Hi there,
I know I already posted some questions on this issue, but I still cannot perform this GLM according to expectations.
First, I have a dataset with multiple explanatory variables (e.g. nest temperature, nest measurements, location and species) and one skewed, proportional response variable (nest success).
Because it is a proportional response variable, my GLM + summary look as follows:
Call:
glm(formula = Success ~ Species + Location + `Average temperature` +
`emergence tunnel (cm)`, family = quasibinomial("logit"),
data = dd)
Deviance Residuals:
Min 1Q Median 3Q Max
-1.4768 -0.5145 0.2655 0.6588 0.8621
Coefficients:
Estimate Std.

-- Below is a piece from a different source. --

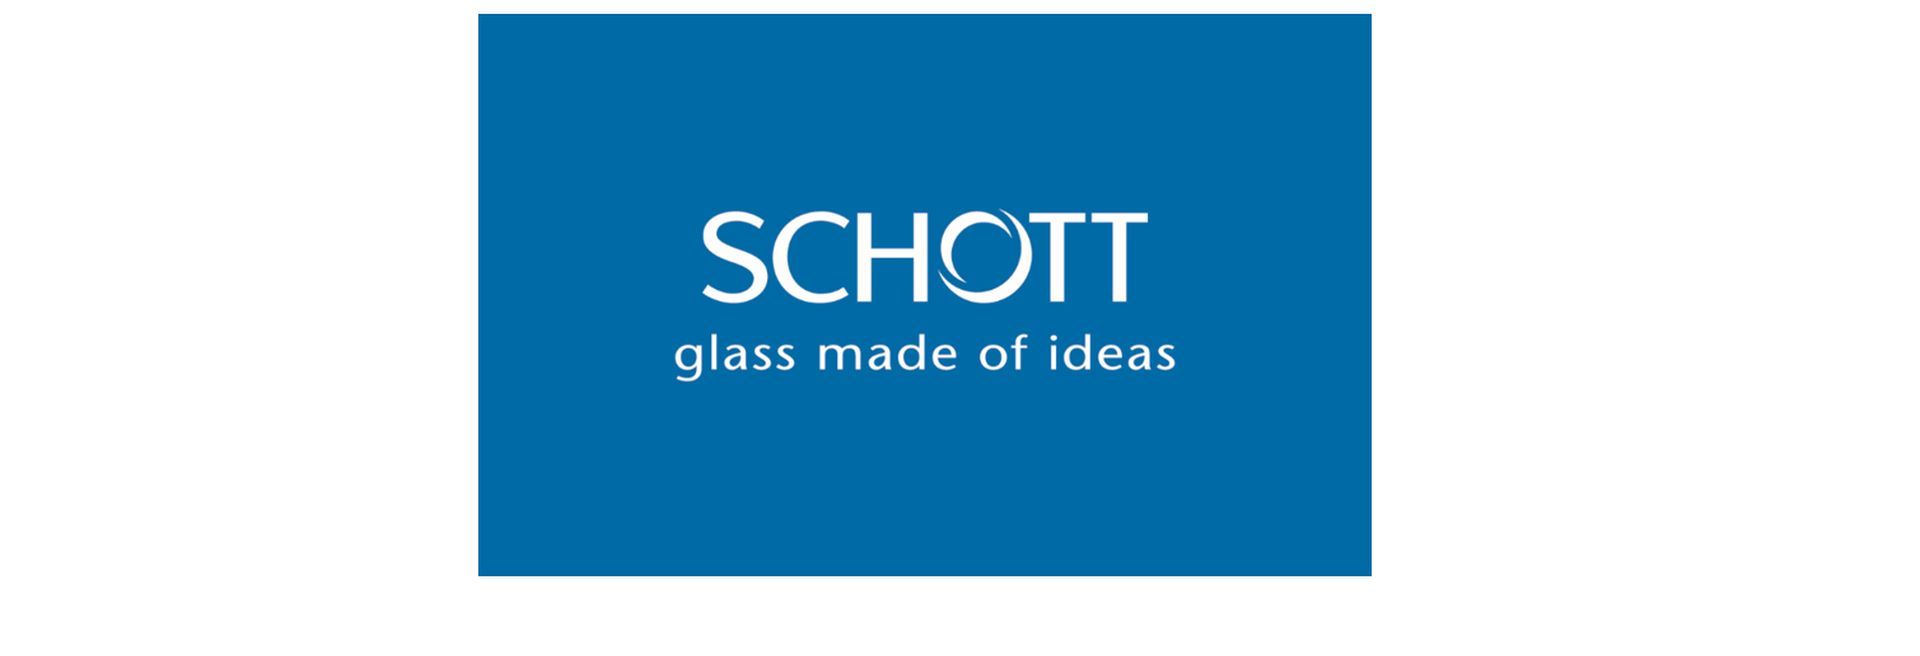 Schott’s State-of-the-art Prefillable Glass Syringe Plant is now up and Running

Error t value Pr(>|t|)
(Intercept) -10.592625 20.056906 -0.528 0.600
SpeciesRicordii -0.015988 0.722221 -0.022 0.982
LocationPuente Arriba -0.221543 0.998854 -0.222 0.826
LocationTierra -0.550702 0.823761 -0.669 0.508
`Average temperature` 0.137862 0.223718 0.616 0.541
`emergence tunnel (cm)` -0.004118 0.008694 -0.474 0.638
(Dispersion parameter for quasibinomial family taken to be 0.4711331)

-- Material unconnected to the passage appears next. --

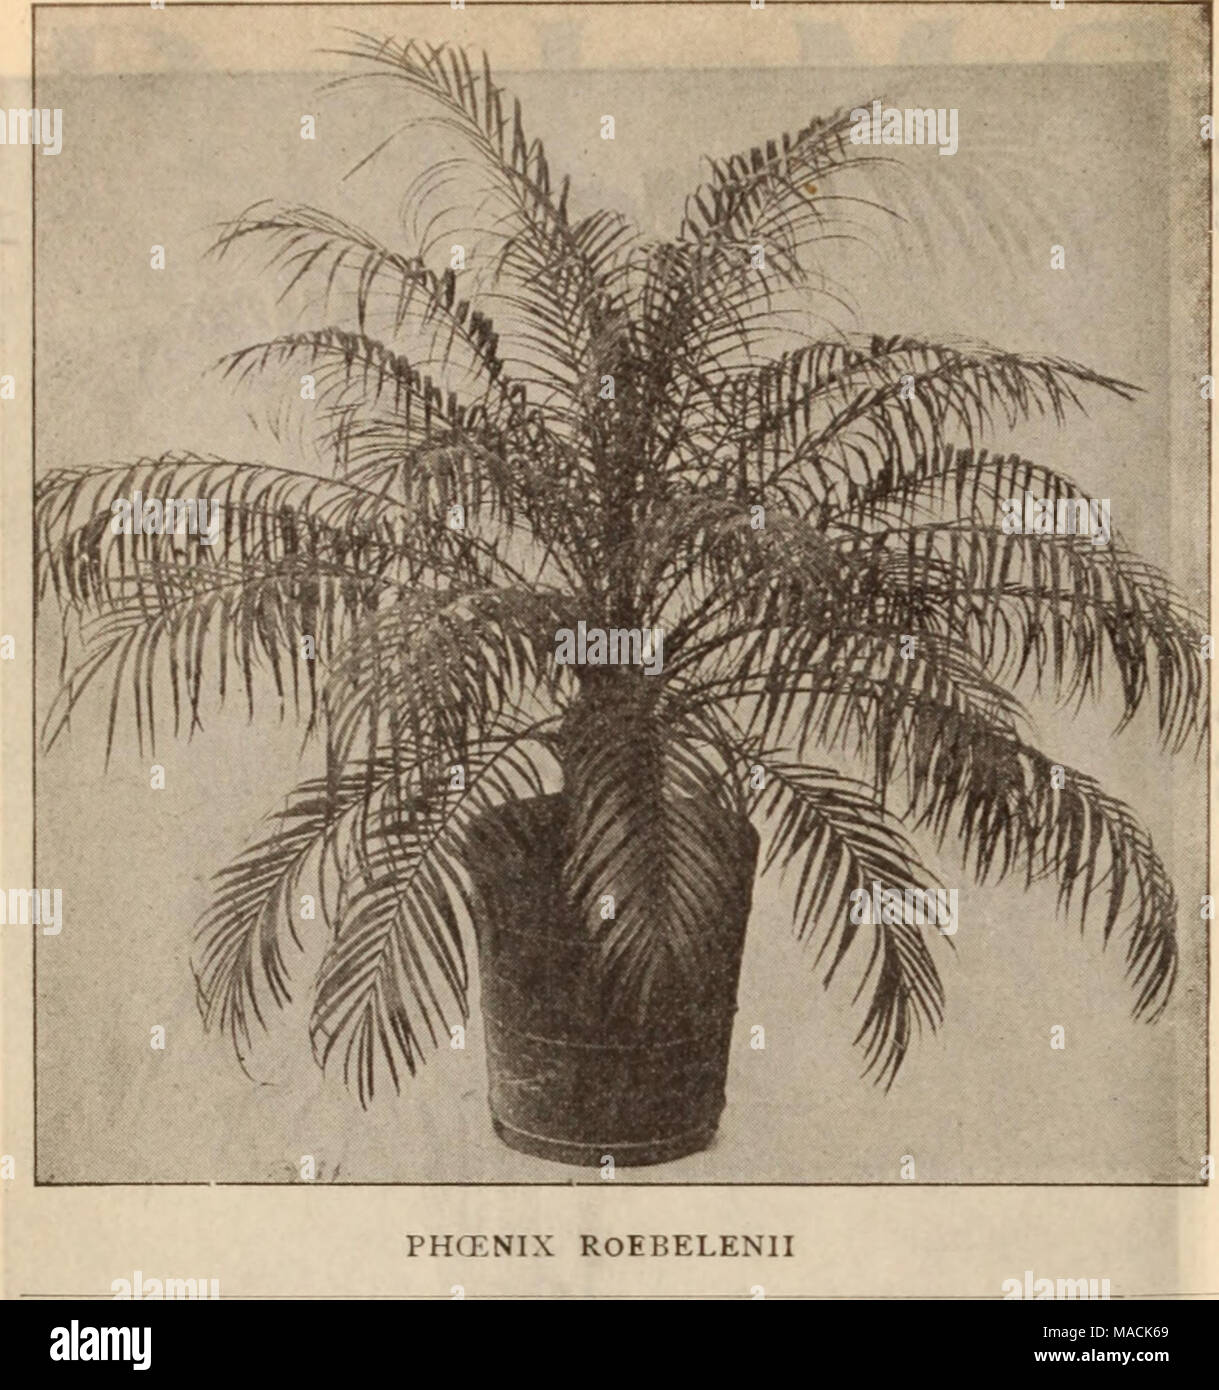 . Dreer's wholesale price list / Henry A. Dreer. . Palms -Continued Pritchardia Pacifica. Splendid plants of this fine hot-house Palm. 4- inch pots, 35 cts. each. 5- inch pots, Si.00 each. Ptychosperma Alexandrea. 4-inch pots, $2.50 per doz. Roscheria Melanochaetes. A rare hot-house Palm, makes a fine exhibition plant. 5-inch pots, $2.00 each. Thrinax Parviflora. A pretty species in which the palmate leaves are narrowly divided, very erraceful. 2'/4-inch pots, $1.50 per doz.: $10.00 per 100. 3 &quot; &quot; 2.00 &quot; 15.00 Thrinax Morrisii. Leaves divided into vary narrow segments of dwarf h Stock Photo

Null deviance: 20.175 on 43 degrees of freedom
Residual deviance: 19.569 on 38 degrees of freedom
(180 observations deleted due to missingness)
AIC: NA
Number of Fisher Scoring iterations: 4
Now I do get an output, but I just threw some possible explanatory variables in of which I don't know if they really contribute to the model (perhaps I need more or less variables).

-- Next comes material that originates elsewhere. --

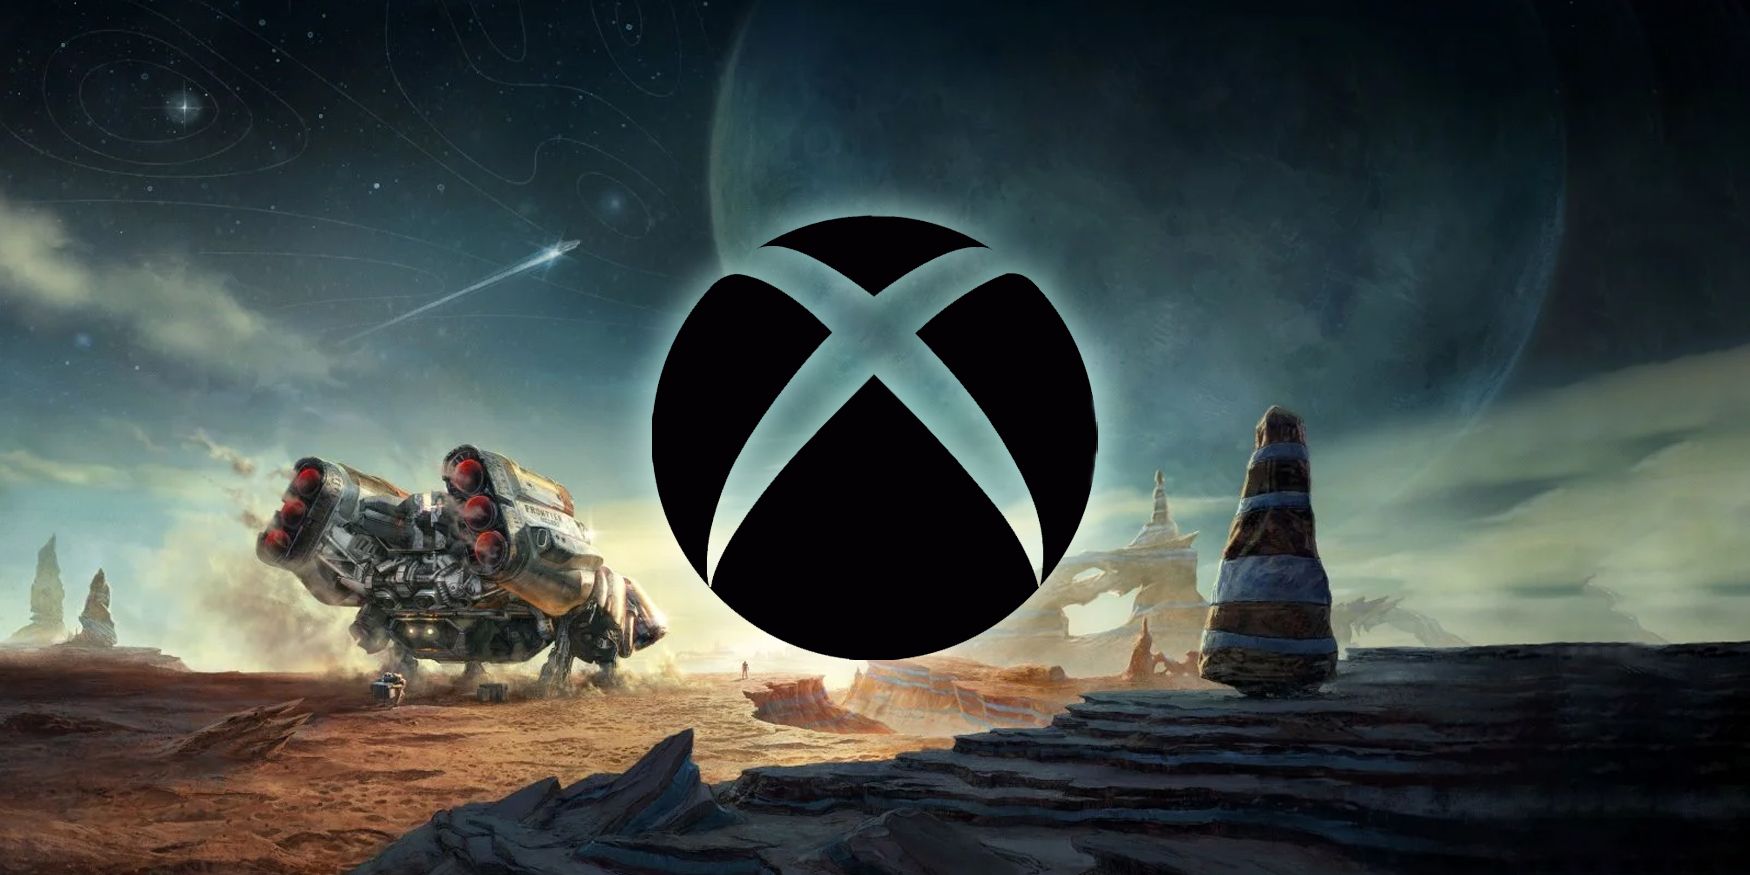 The Xbox logo floats above a scene of a dusty, barren planet from Starfield. A rover lands on the planet's surface at left, while another ship streaks through the sky above.

Because I used a quasibinomial family, I do not get an AIC to see if this model is good. How can I check if my model is good then? And imagine this glm output is right, what conclusions can you make from it?!
Also when I try to check the normality of my residuals by performing...
hist(residuals.glm(model))
...the histogram shows skewed residuals towards 1.0.
In order to do a GLM I learned that the residuals MUST be normally distributed, but now it does not seem like it...
How should I solve this or am I doing something wrong?
I'm a real newbie to R, so I hope someone could help me by using understandable R-language ;).